▶ [Dataset extract]:
-*-*-
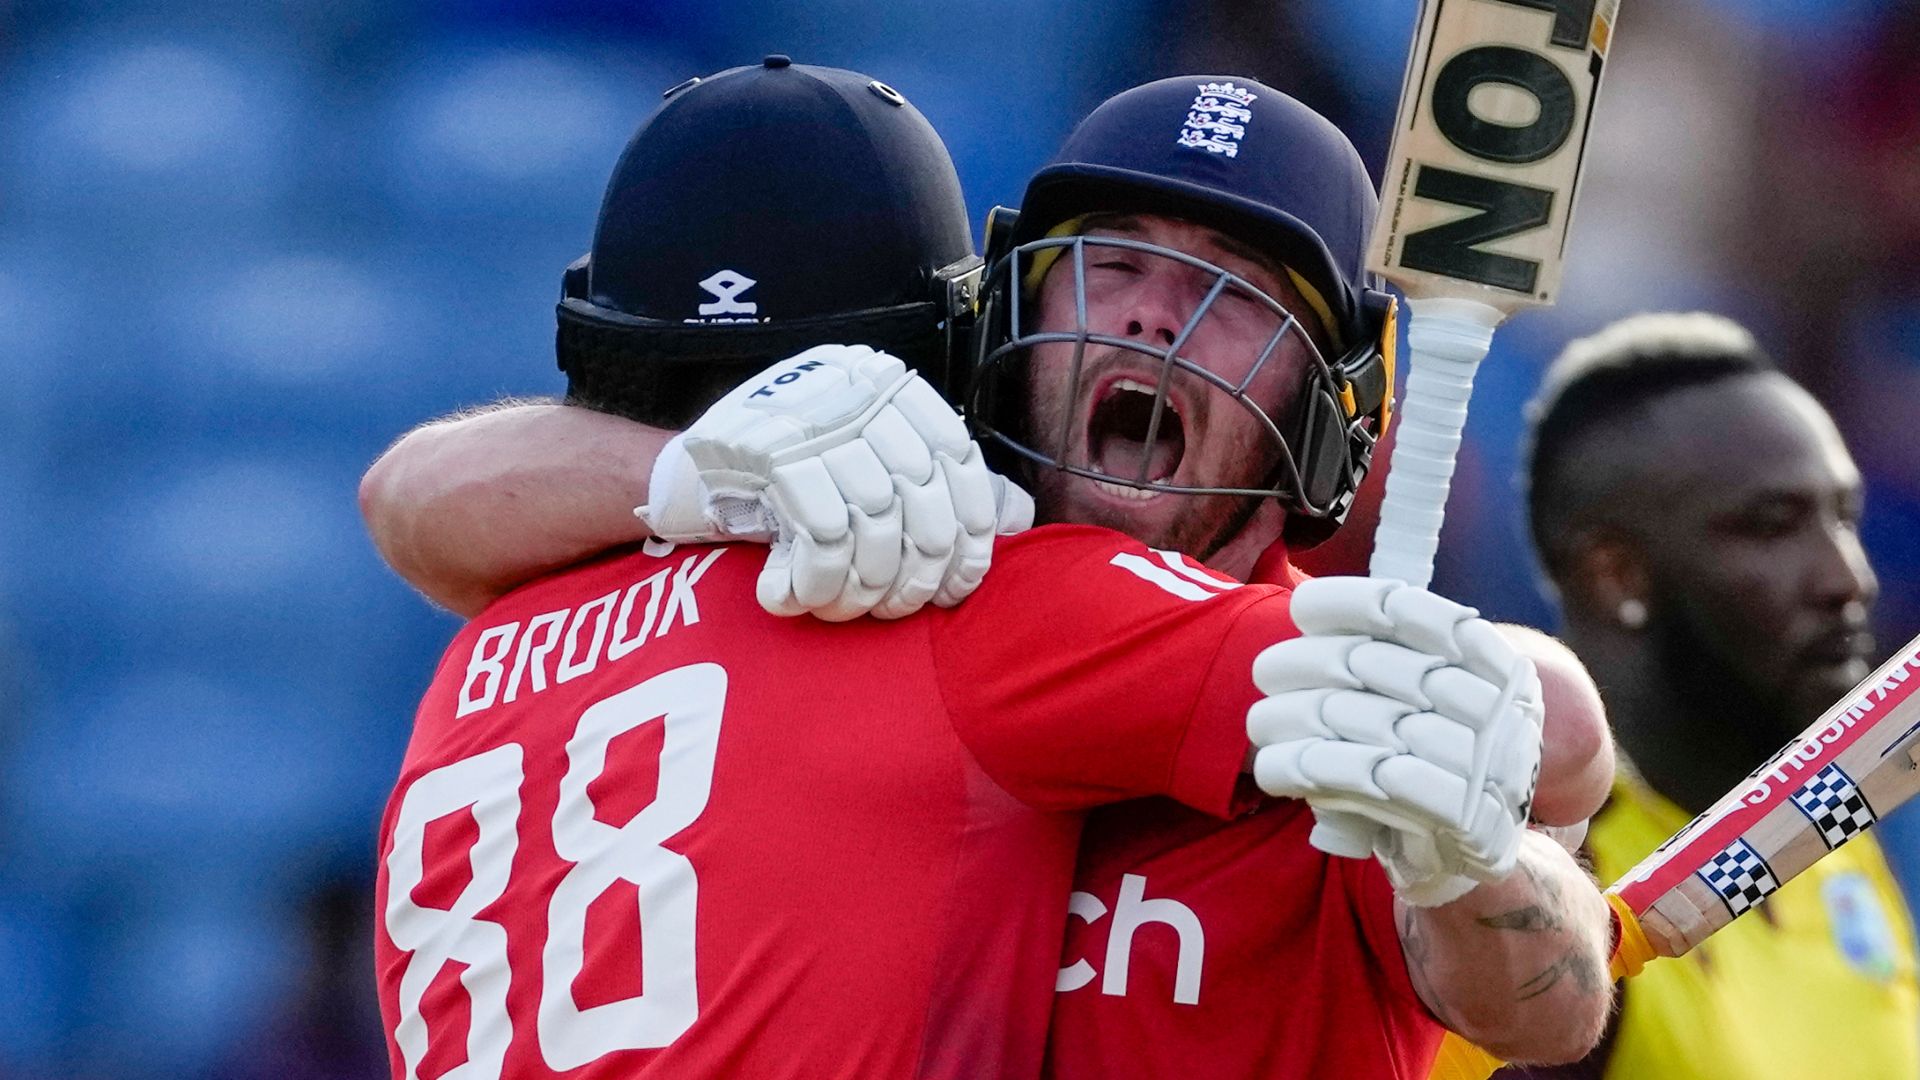 Salt steps up to be match-winner England were seeking with maiden T20I ton
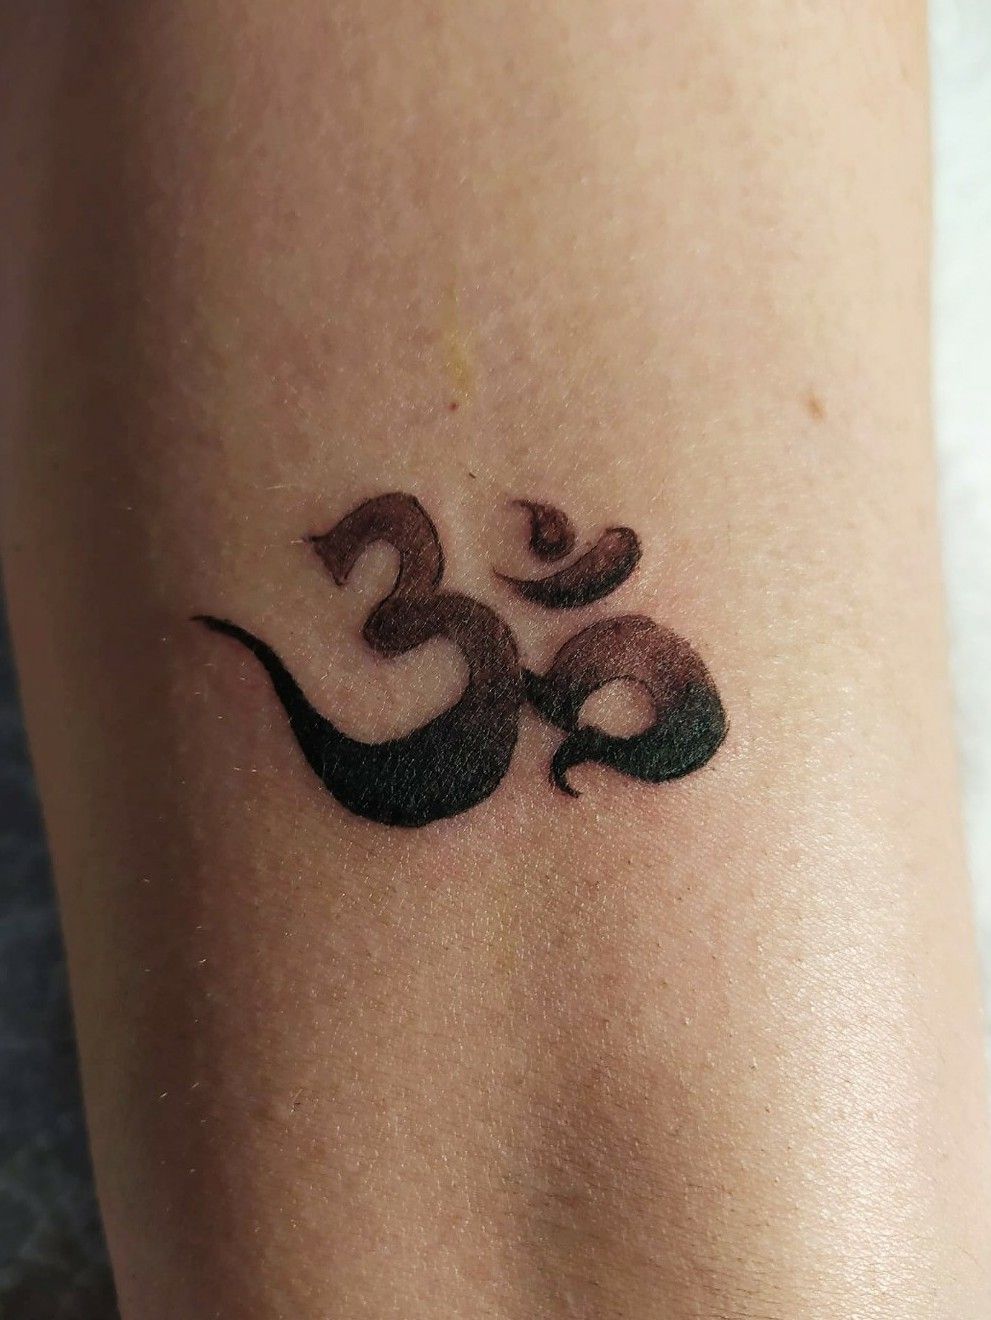 25 Amazing Sanskrit Tattoo Designs With Meanings  Body Art Guru
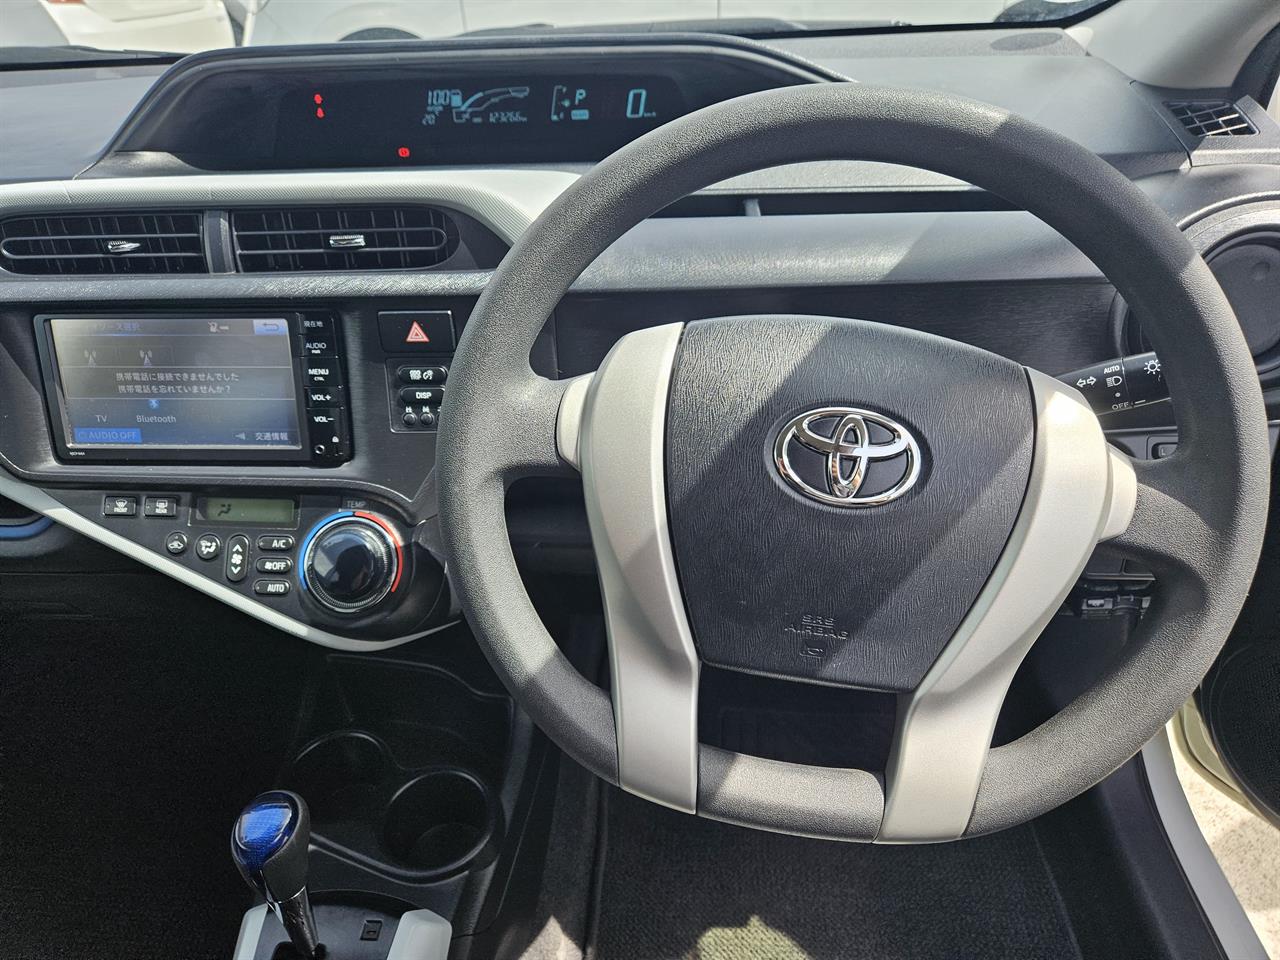 2014 Toyota Aqua Hybrid
-*-*-
▶ [Brief]:
Restate the data above word for word, so that the only difference is the missing pictures.

▶ [Answer to this problem]:
 Salt steps up to be match-winner England were seeking with maiden T20I ton
 25 Amazing Sanskrit Tattoo Designs With Meanings  Body Art Guru
 2014 Toyota Aqua Hybrid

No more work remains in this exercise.